Similarly, to get the number of unique books that every term appeared in, we canuse the same method but on a grouped data. Again we need to rename the column.Note that sorting values is only for the presentation and it is not needed forthe further computations.
| i_d | |
|---|---|
| word | |
| laplandish | 1 |
| moluccas | 1 |
| molten | 1 |
| molliten | 1 |
| molière | 1 |
Having all the components of the IDF formula, we can now calculate it as a newcolumn.
| i_d | idf | |
|---|---|---|
| word | ||
| laplandish | 1 | 1.791759 |
| moluccas | 1 | 1.791759 |
| molten | 1 | 1.791759 |
| molliten | 1 | 1.791759 |
| molière | 1 | 1.791759 |
To get the final DataFrame we need to join both DataFrames as follows:
Tokenize Pandas Columns
| n_w | n_d | tf | i_d | idf | ||
|---|---|---|---|---|---|---|
| book | word | |||||
| dracula | the | 8093 | 166916 | 0.048485 | 6 | 0.0 |
| and | 5976 | 166916 | 0.035802 | 6 | 0.0 | |
| i | 4847 | 166916 | 0.029039 | 6 | 0.0 | |
| to | 4745 | 166916 | 0.028427 | 6 | 0.0 | |
| of | 3748 | 166916 | 0.022454 | 6 | 0.0 |
Having now DataFrame with both TF and IDF values, we can calculate TF-IDFstatistic.
| n_w | n_d | tf | i_d | idf | tf_idf | ||
|---|---|---|---|---|---|---|---|
| book | word | ||||||
| dracula | the | 8093 | 166916 | 0.048485 | 6 | 0.0 | 0.0 |
| and | 5976 | 166916 | 0.035802 | 6 | 0.0 | 0.0 | |
| i | 4847 | 166916 | 0.029039 | 6 | 0.0 | 0.0 | |
| to | 4745 | 166916 | 0.028427 | 6 | 0.0 | 0.0 | |
| of | 3748 | 166916 | 0.022454 | 6 | 0.0 | 0.0 |
Again, lets see the top TF-IDF terms:
Tokenize Pandas Column Names
| tf_idf | ||
|---|---|---|
| book | word | |
| dracula | helsing | 0.003467 |
| lucy | 0.003231 | |
| mina | 0.002619 | |
| van | 0.002126 | |
| harker | 0.001879 | |
| frankenstein | clerval | 0.001347 |
| justine | 0.001256 | |
| felix | 0.001142 | |
| elizabeth | 0.000813 | |
| frankenstein | 0.000731 | |
| grimms_fairy_tales | gretel | 0.001667 |
| hans | 0.001304 | |
| tailor | 0.001174 | |
| dwarf | 0.001055 | |
| hansel | 0.000799 | |
| moby_dick | ahab | 0.004161 |
| whale | 0.003873 | |
| whales | 0.002181 | |
| stubb | 0.002101 | |
| queequeg | 0.002036 | |
| tom_sawyer | huck | 0.005956 |
| tom | 0.004305 | |
| becky | 0.002655 | |
| joe | 0.002406 | |
| sid | 0.001847 | |
| war_and_peace | pierre | 0.006100 |
| natásha | 0.003769 | |
| rostóv | 0.002411 | |
| prince | 0.002318 | |
| moscow | 0.002243 |
As before we’ve got a set of important words for the given document.
Note that this more of a demo of Pandas text processing.
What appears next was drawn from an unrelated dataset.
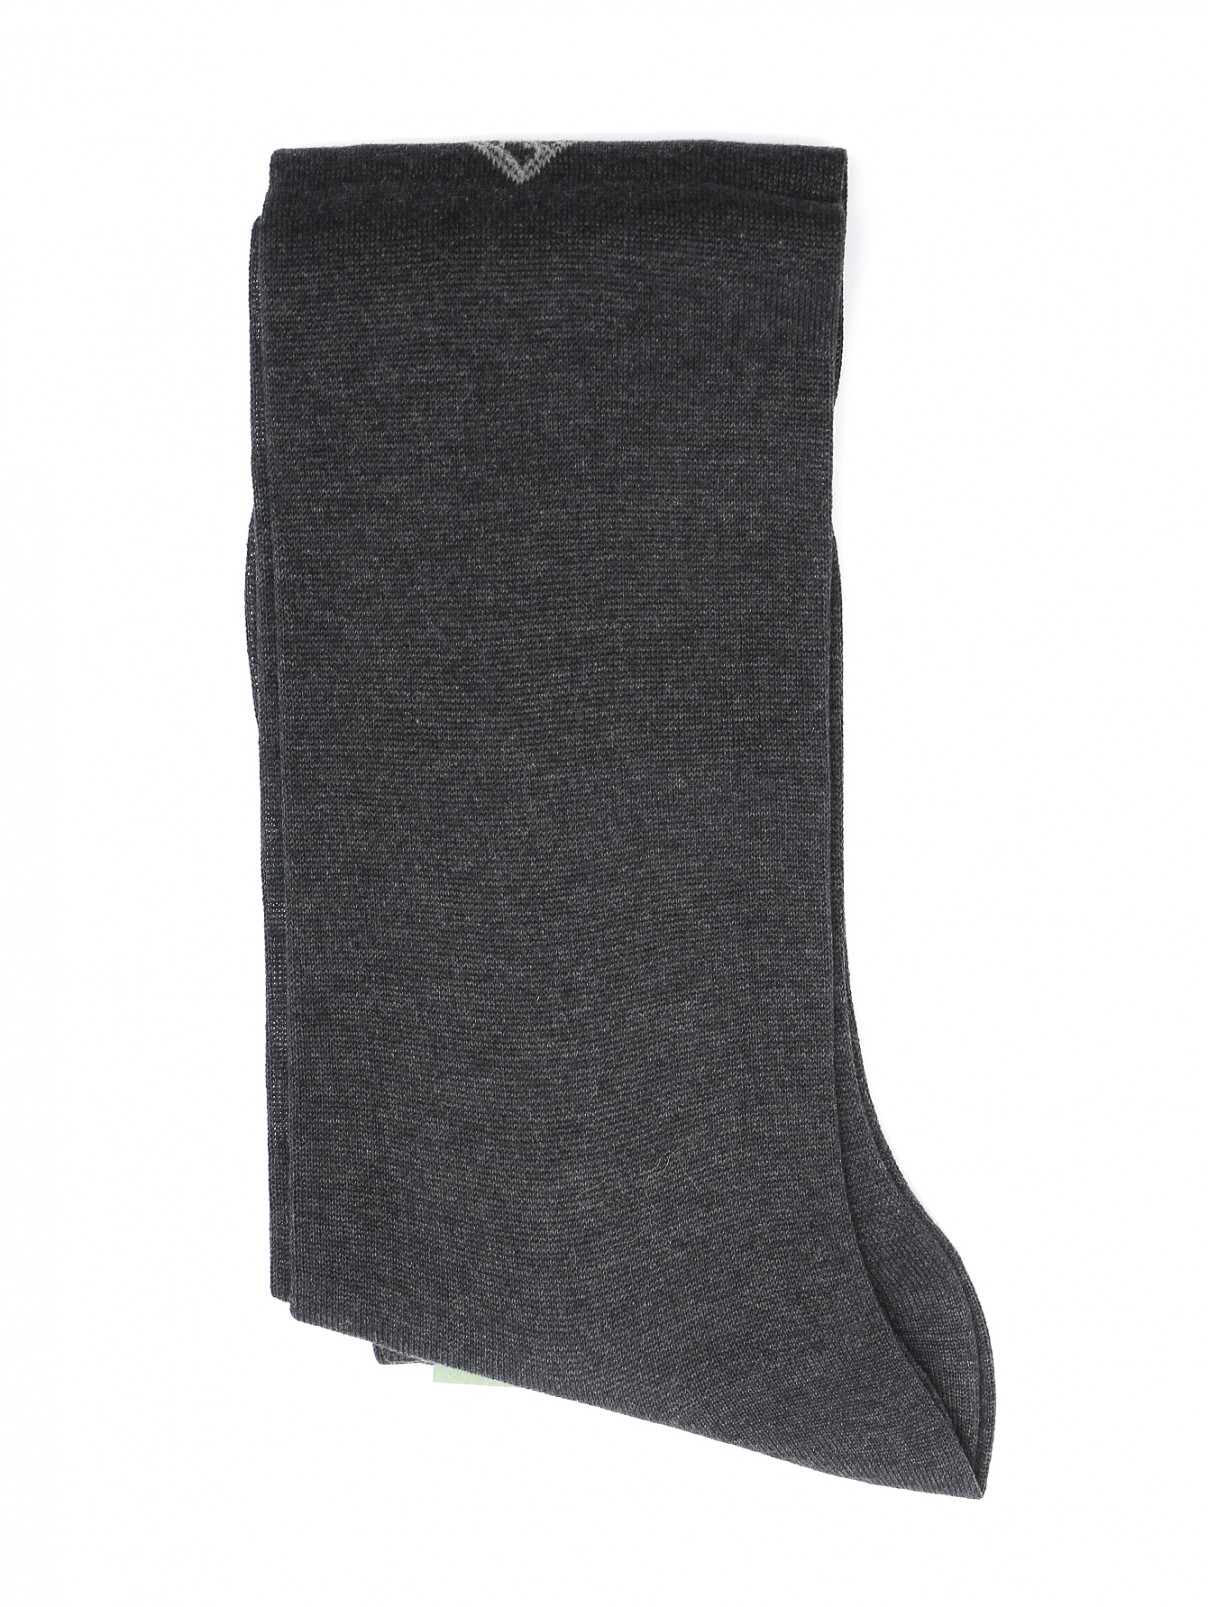 Однотонные носки из хлопка Pal Zileri  –  Общий вид  – Цвет:  Серый

If you’re consideringusing TF-IDF in a more production example, see some existing solutions likescikit-learn’s TfidfVectorizer.
Note that I’ve just scratched a surface with the Pandas’ text processingcapabilietes. There are many other useful functions like the match functionshown below:
| n | |
|---|---|
| word | |
| s | 8341 |
| she | 6317 |
| so | 5380 |
| said | 5337 |
| some | 2317 |
| see | 1760 |
| such | 1456 |
| still | 1368 |
| should | 1264 |
| seemed | 1233 |
Tokenize Pandas Column Tutorial
Again, I encourage you to check Pandas manual for more details.
Notebook with the above computations is available for downloadhere.